- Haghorti / Kendkhurd Haghorti / Kendkhurd
- Coordinates: 39°46′42″N 46°57′47″E﻿ / ﻿39.77833°N 46.96306°E
- Country: Azerbaijan
- • District: Khojavend

Population (2015)
- • Total: 200
- Time zone: UTC+4 (AZT)

= Haghorti =

Haghorti (Հաղորտի) or Kendkhurd (Kəndxurd) is a village located in the Khojavend District of Azerbaijan, in the disputed region of Nagorno-Karabakh. Until 2023 it was controlled by the breakaway Republic of Artsakh. The village had an ethnic Armenian-majority population until the expulsion of the Armenian population of Nagorno-Karabakh by Azerbaijan following the 2023 Azerbaijani offensive in Nagorno-Karabakh.

== History ==
During the Soviet period, the village was a part of the Martuni District of the Nagorno-Karabakh Autonomous Oblast.

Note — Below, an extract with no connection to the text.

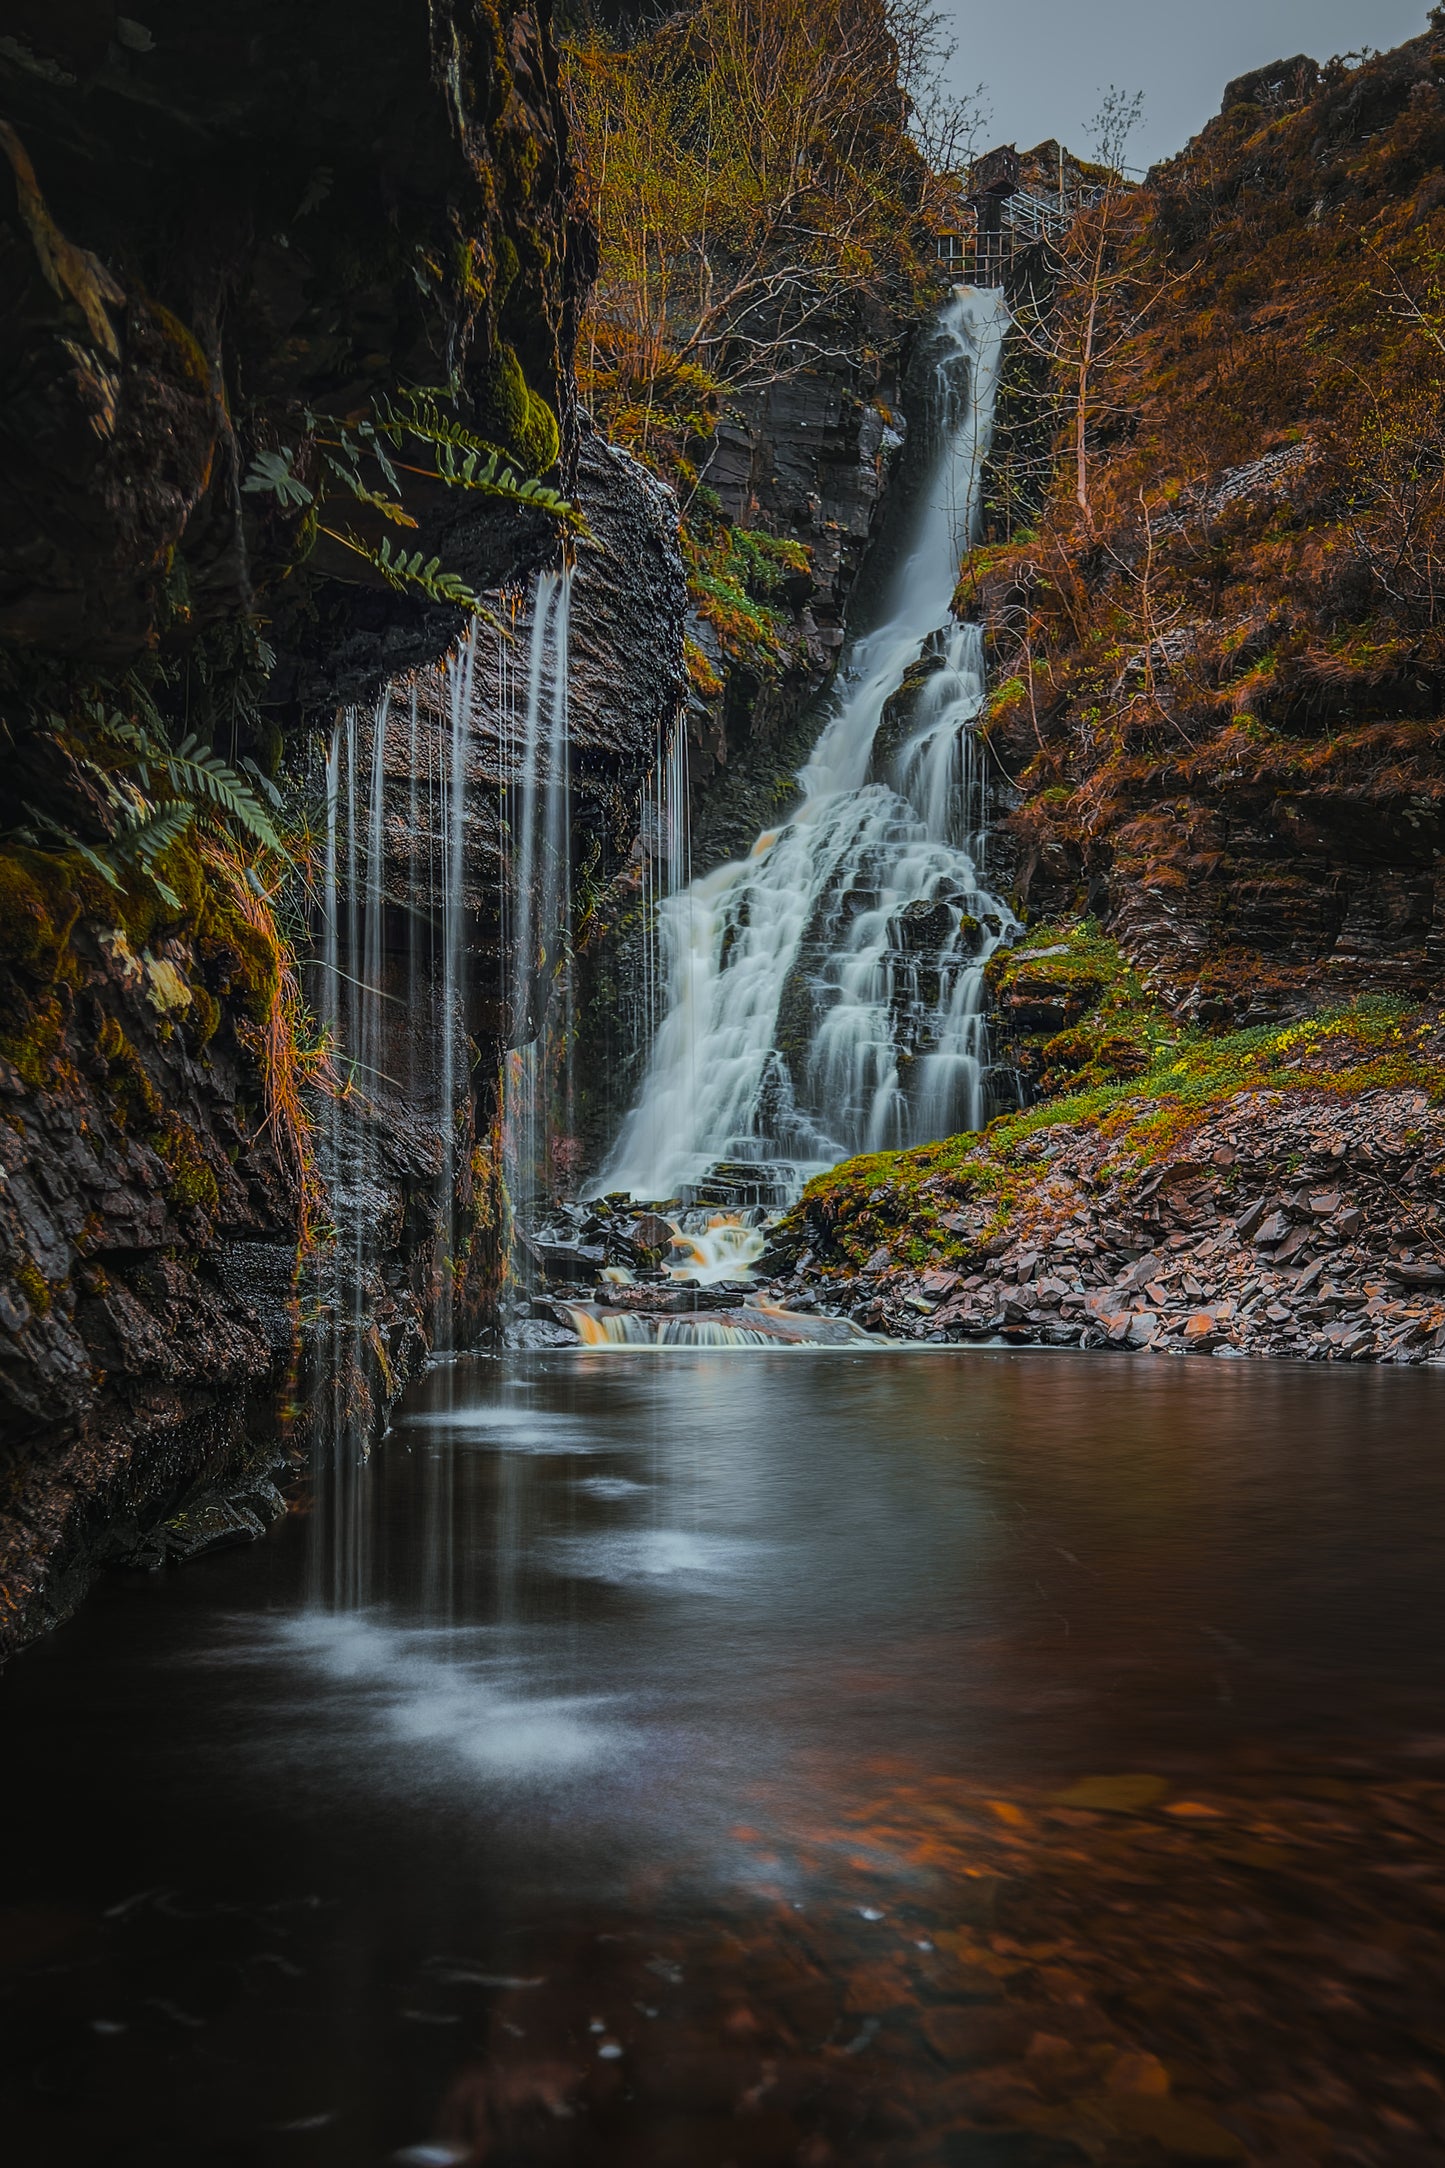 Llyn Aled Waterfall

== Historical heritage sites ==
Historical heritage sites in and around the village include the church of Surb Astvatsatsin (Սուրբ Աստվածածին, lit. 'Holy Mother of God') built in 1751.

== Economy and culture ==
The population is mainly engaged in agriculture and animal husbandry. As of 2015, the village has a municipal building, a house of culture, a secondary school, and a medical centre.

== Demographics ==
The village has an ethnic Armenian-majority population, had 231 inhabitants in 2005, and 200 inhabitants in 2015.